::: Source data :::

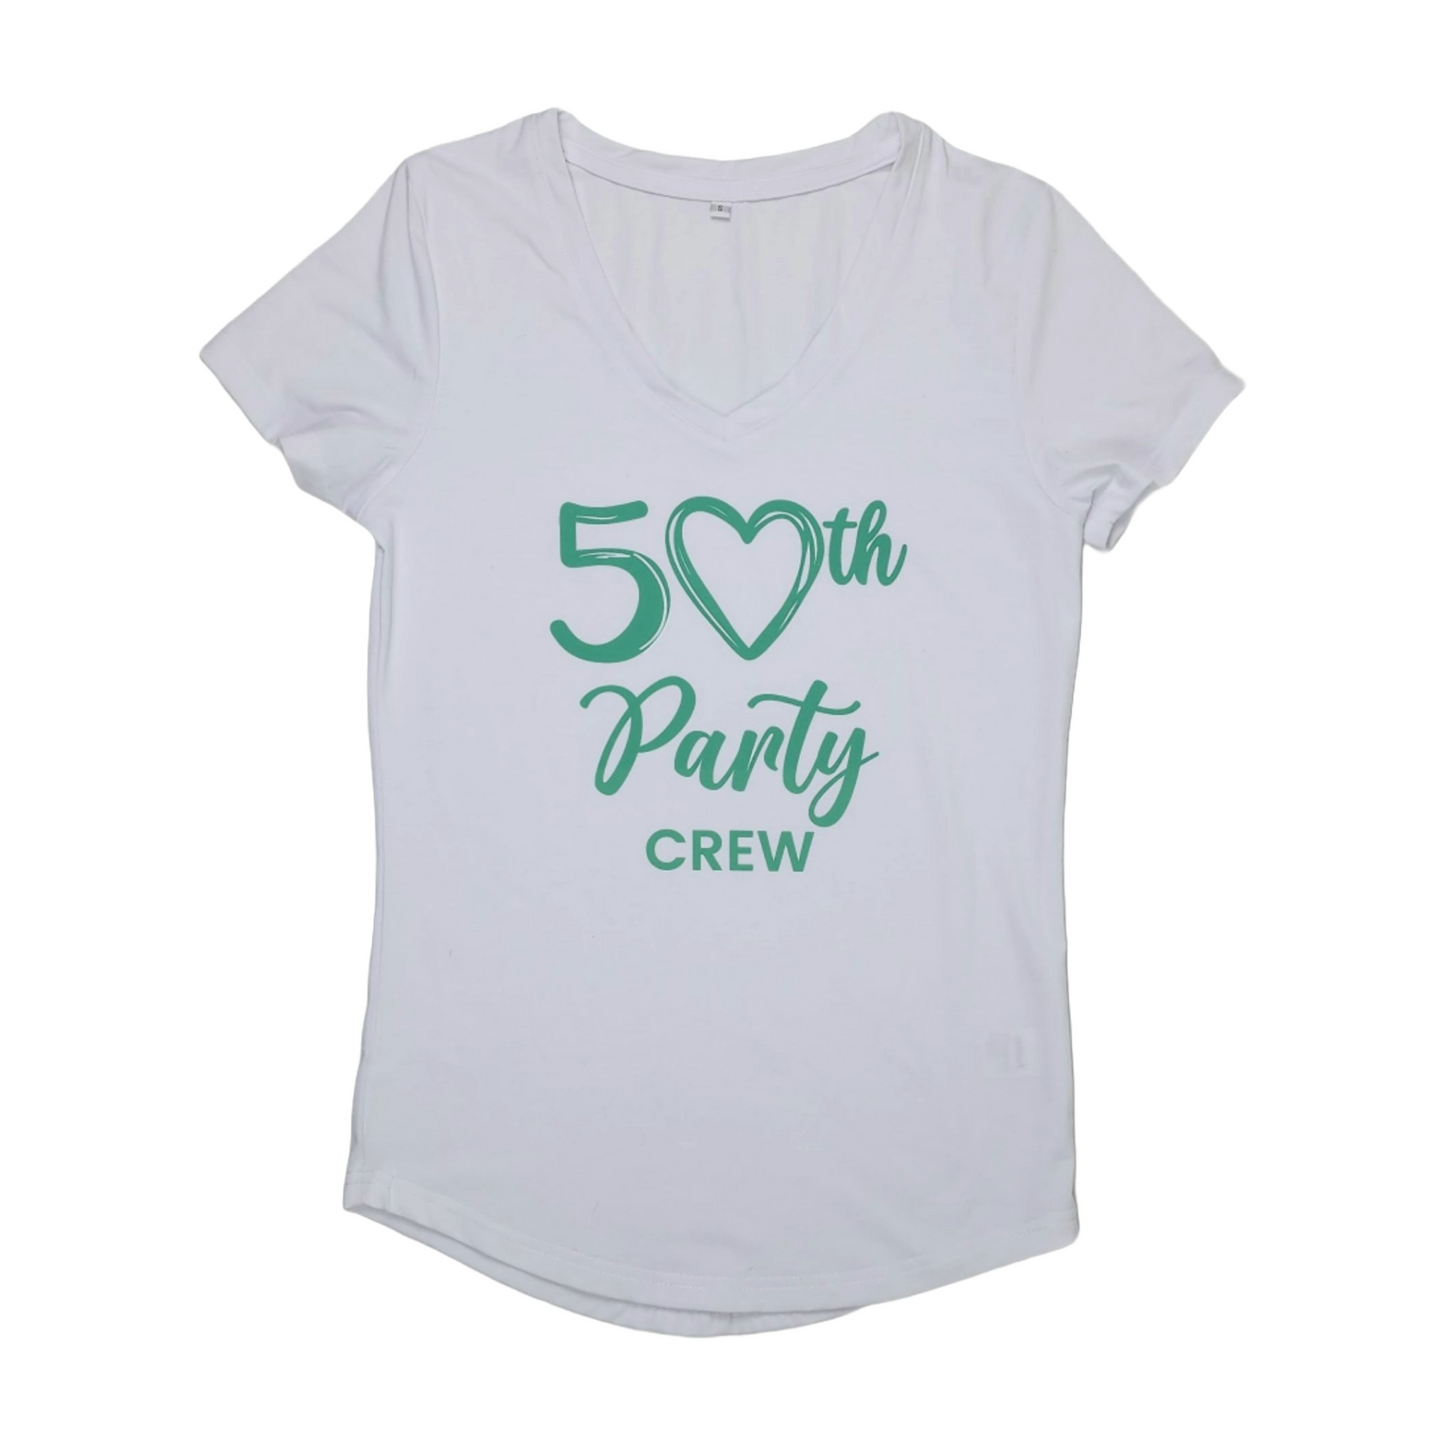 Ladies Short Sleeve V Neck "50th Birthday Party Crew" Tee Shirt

:::
::: Source data :::

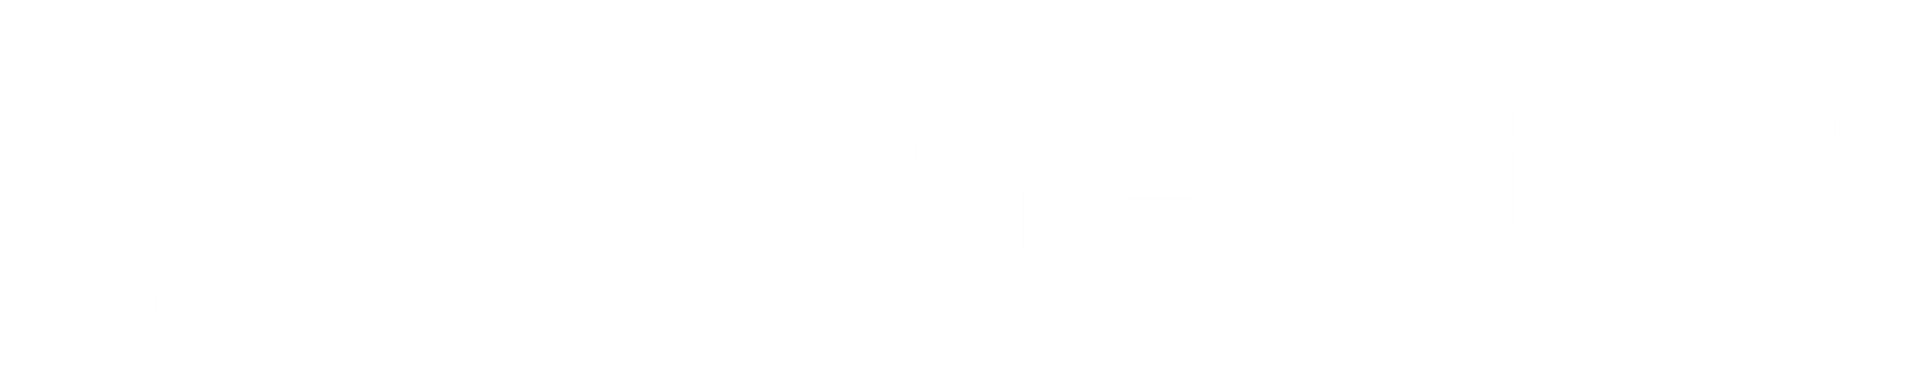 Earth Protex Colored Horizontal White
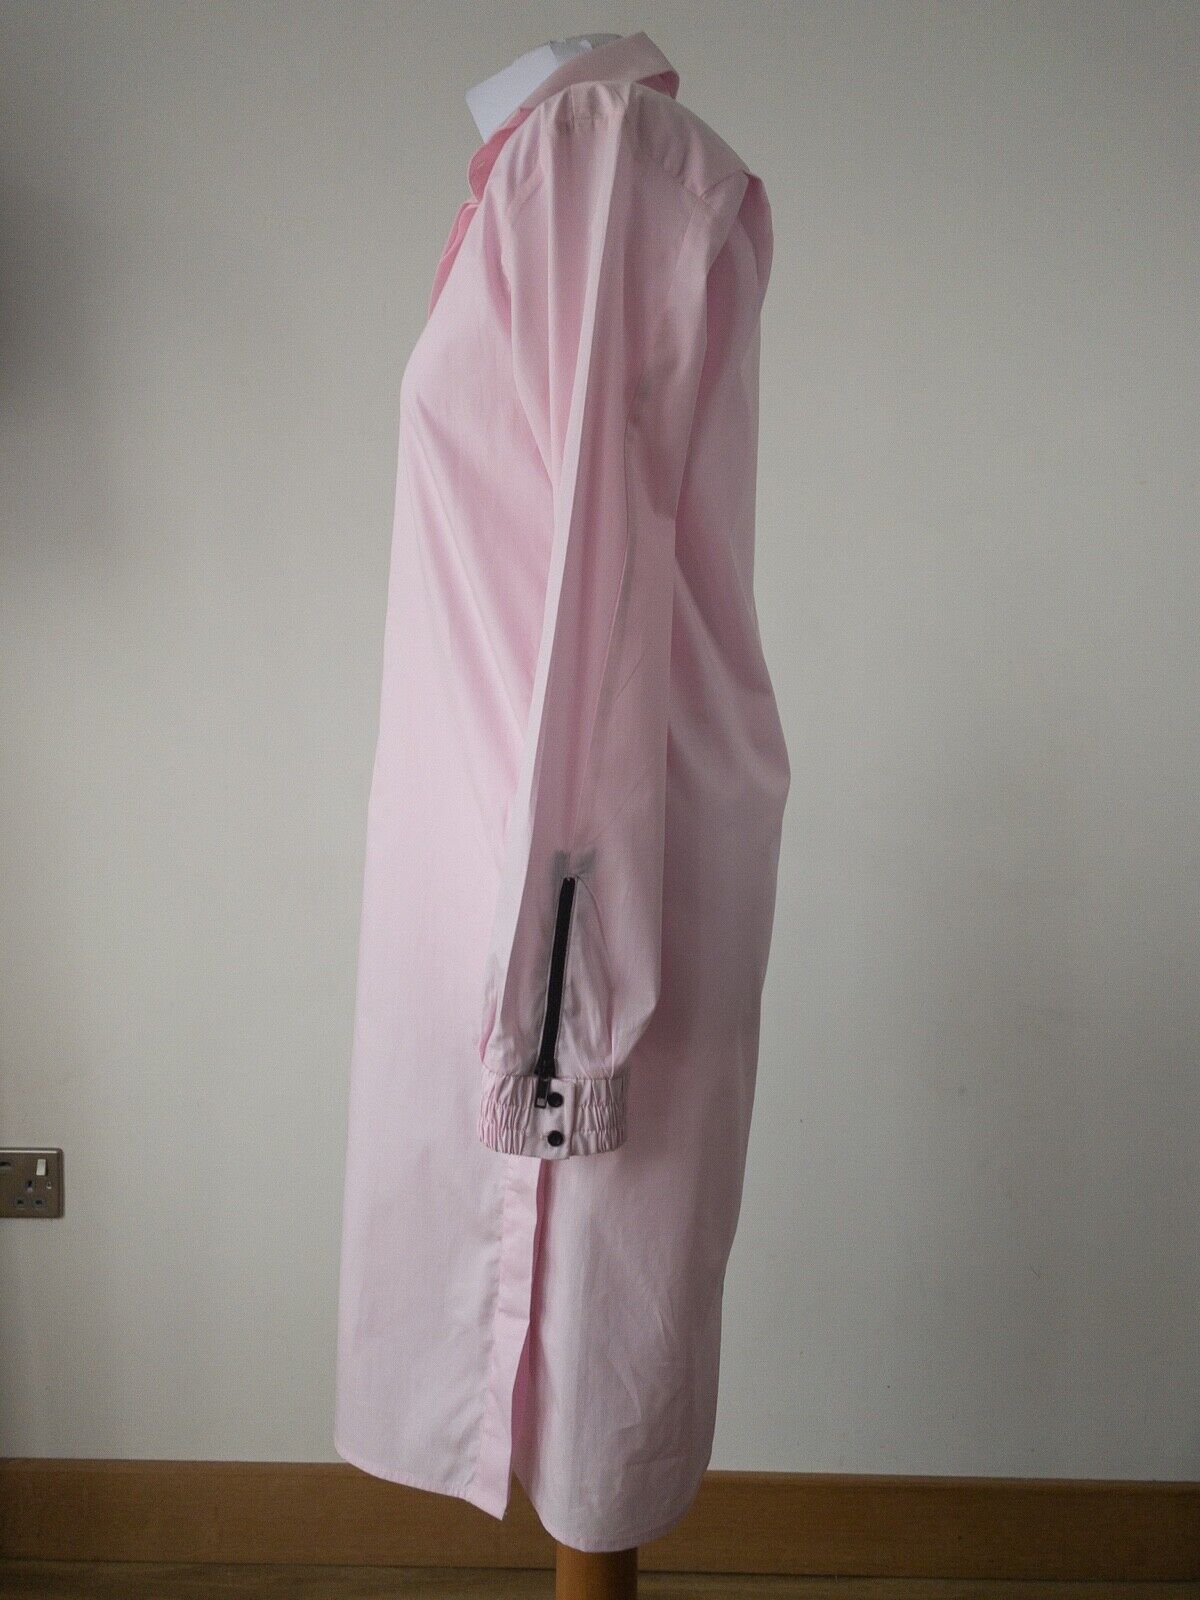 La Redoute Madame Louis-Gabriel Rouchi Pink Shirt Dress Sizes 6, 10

:::

## Description of the task
All pictures are to be skipped. Output, word for word, the lines in the data above starting at the line containing "Earth Protex Colored Horizontal White" and ending at the line containing "La Redoute Madame".

## Your solution
 Earth Protex Colored Horizontal White
 La Redoute Madame Louis-Gabriel Rouchi Pink Shirt Dress Sizes 6, 10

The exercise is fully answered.